▶ Problem details
From the line that contains "This eye-catching ebony" through the last line of the data, copy everything exactly and nothing else, omitting the pictures.

▶ Stored data
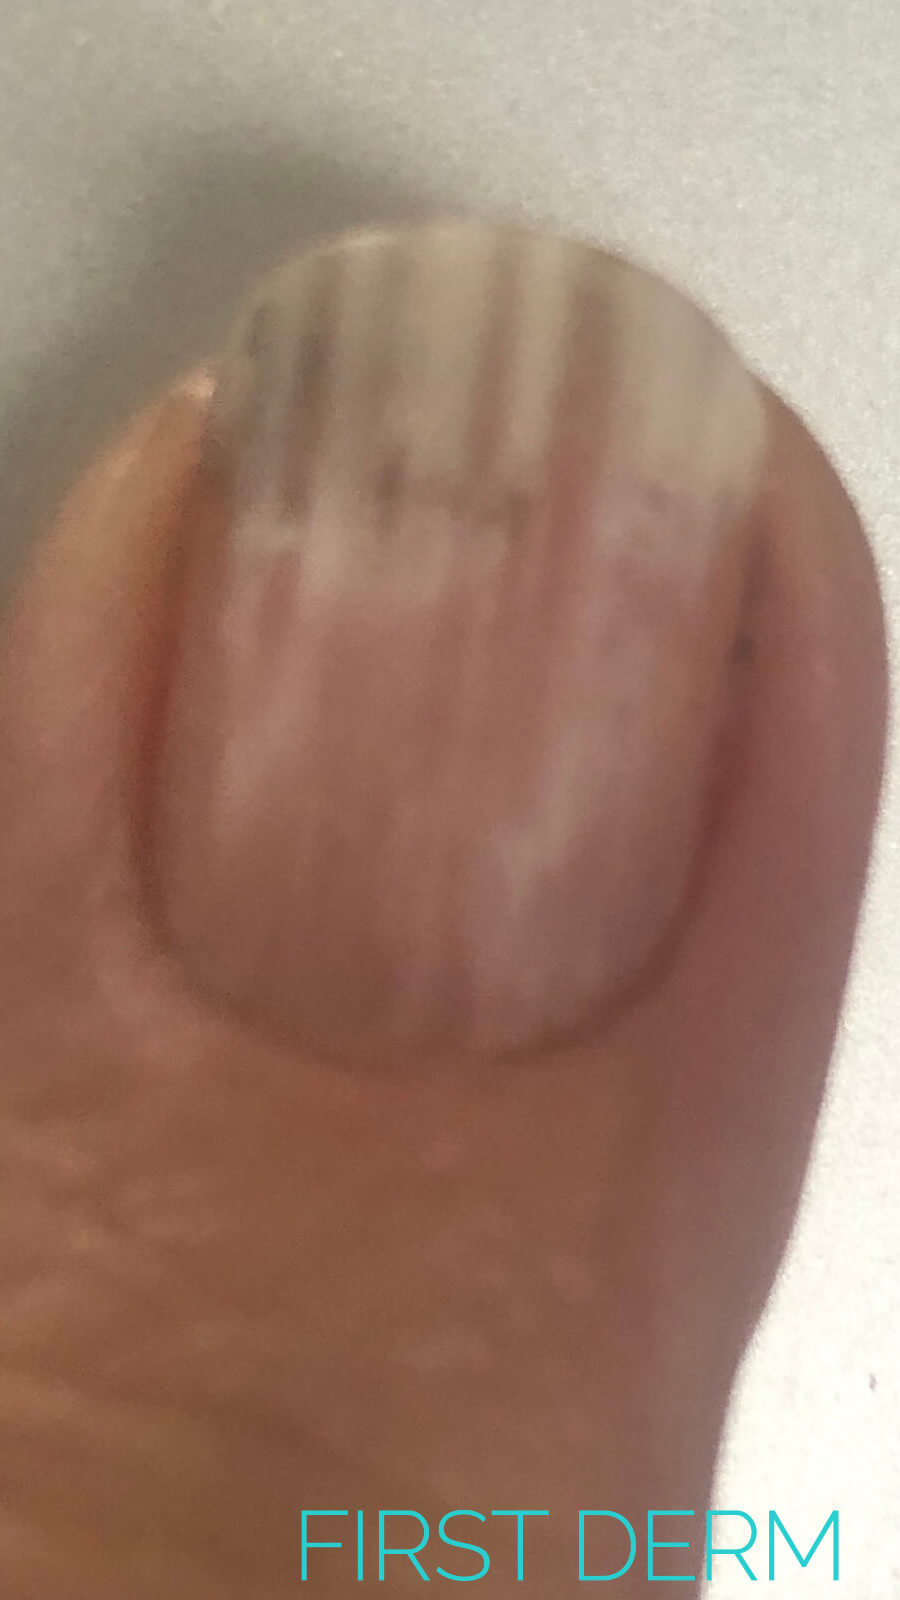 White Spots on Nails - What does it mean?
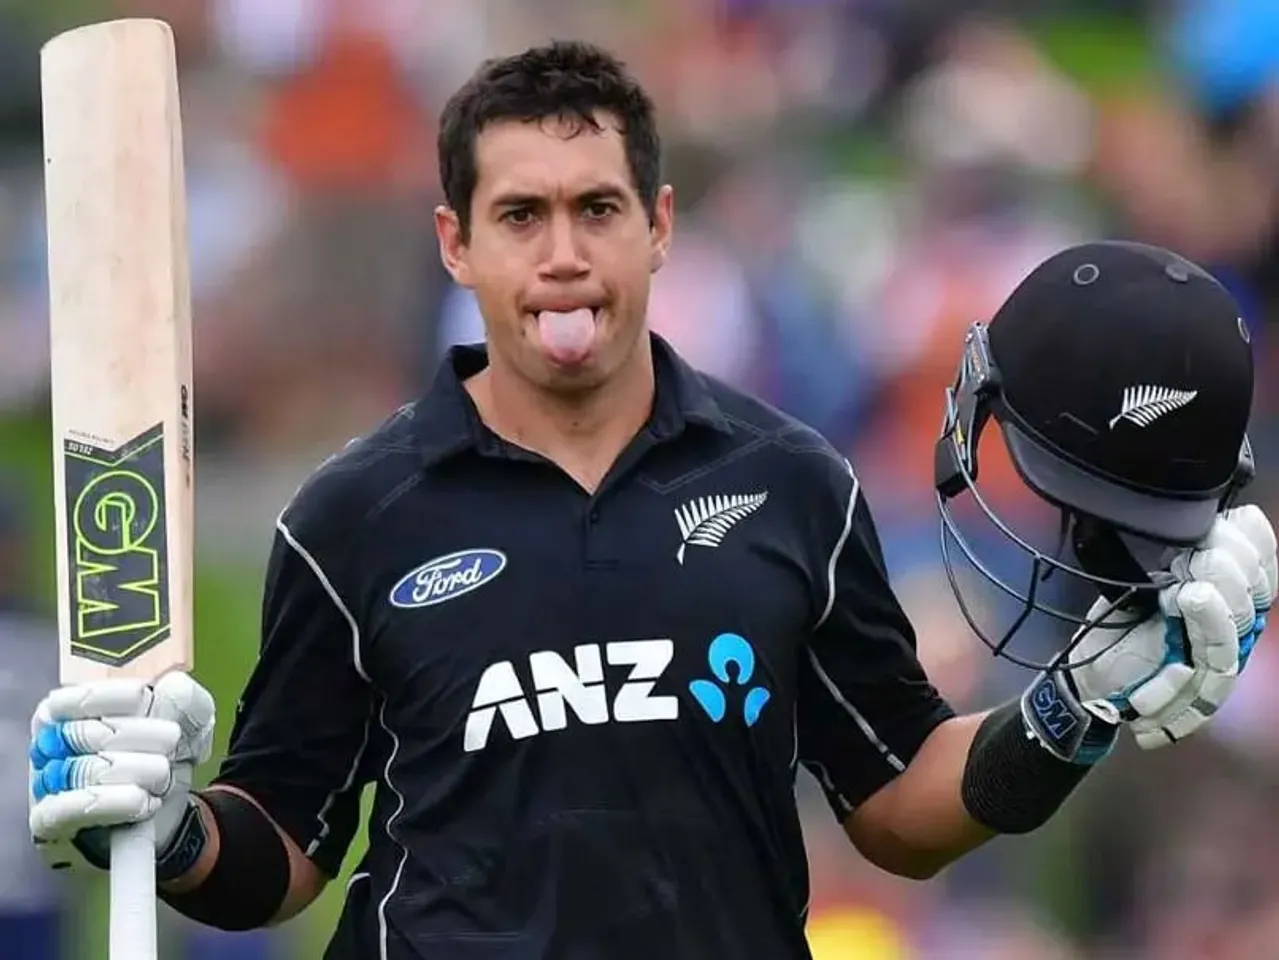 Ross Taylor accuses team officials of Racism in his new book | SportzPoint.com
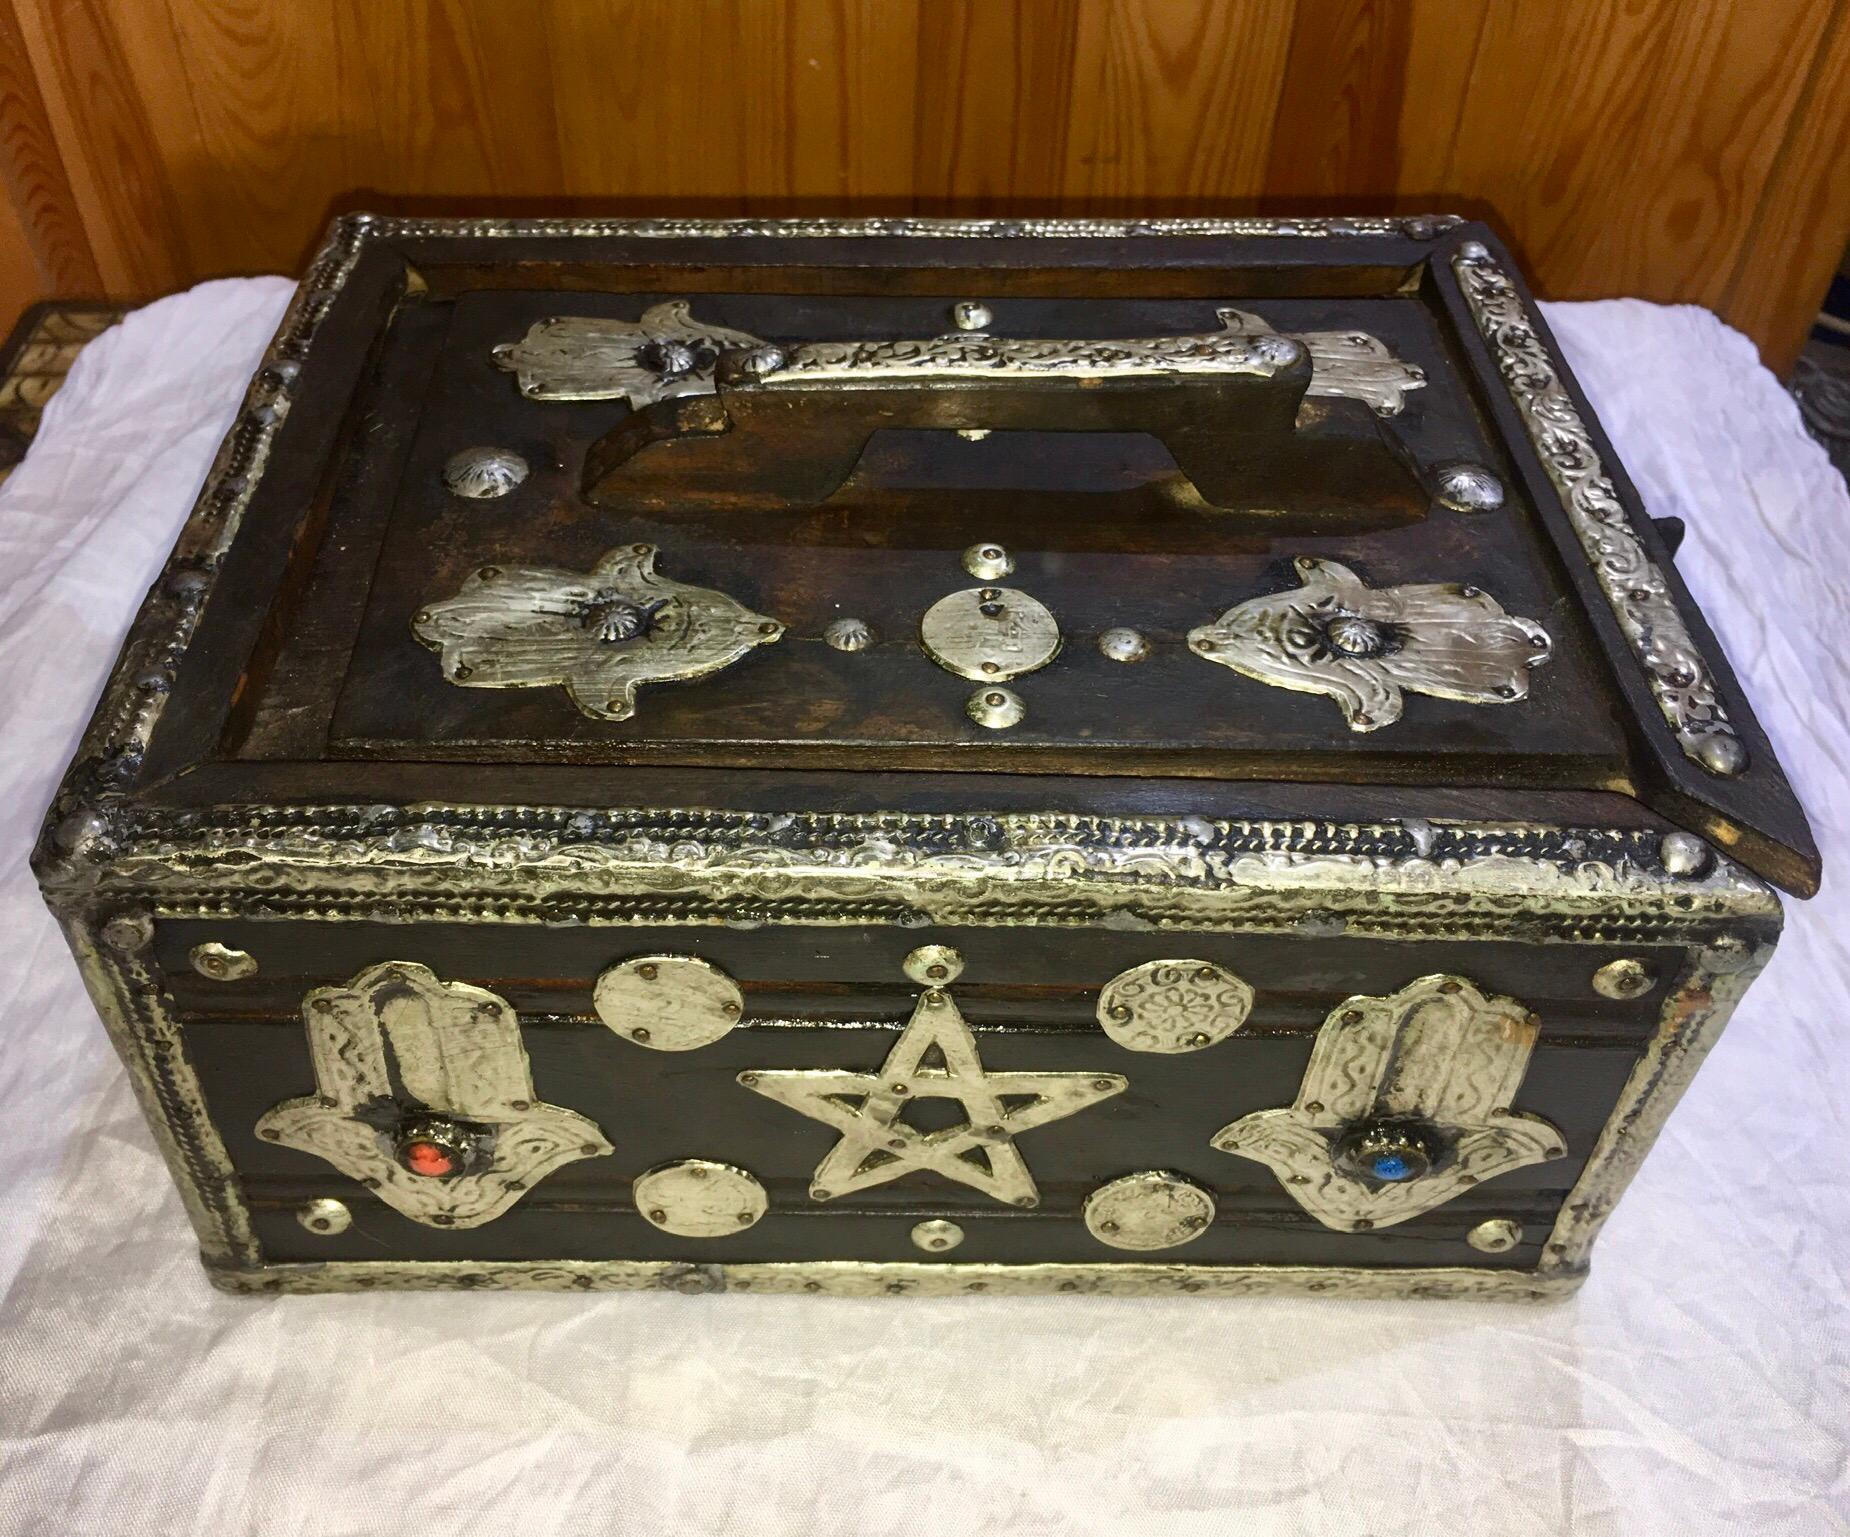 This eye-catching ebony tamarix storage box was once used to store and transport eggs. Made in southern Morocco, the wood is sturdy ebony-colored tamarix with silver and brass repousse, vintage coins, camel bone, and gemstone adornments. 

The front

▶ Response to this exercise
 This eye-catching ebony tamarix storage box was once used to store and transport eggs. Made in southern Morocco, the wood is sturdy ebony-colored tamarix with silver and brass repousse, vintage coins, camel bone, and gemstone adornments. 

The front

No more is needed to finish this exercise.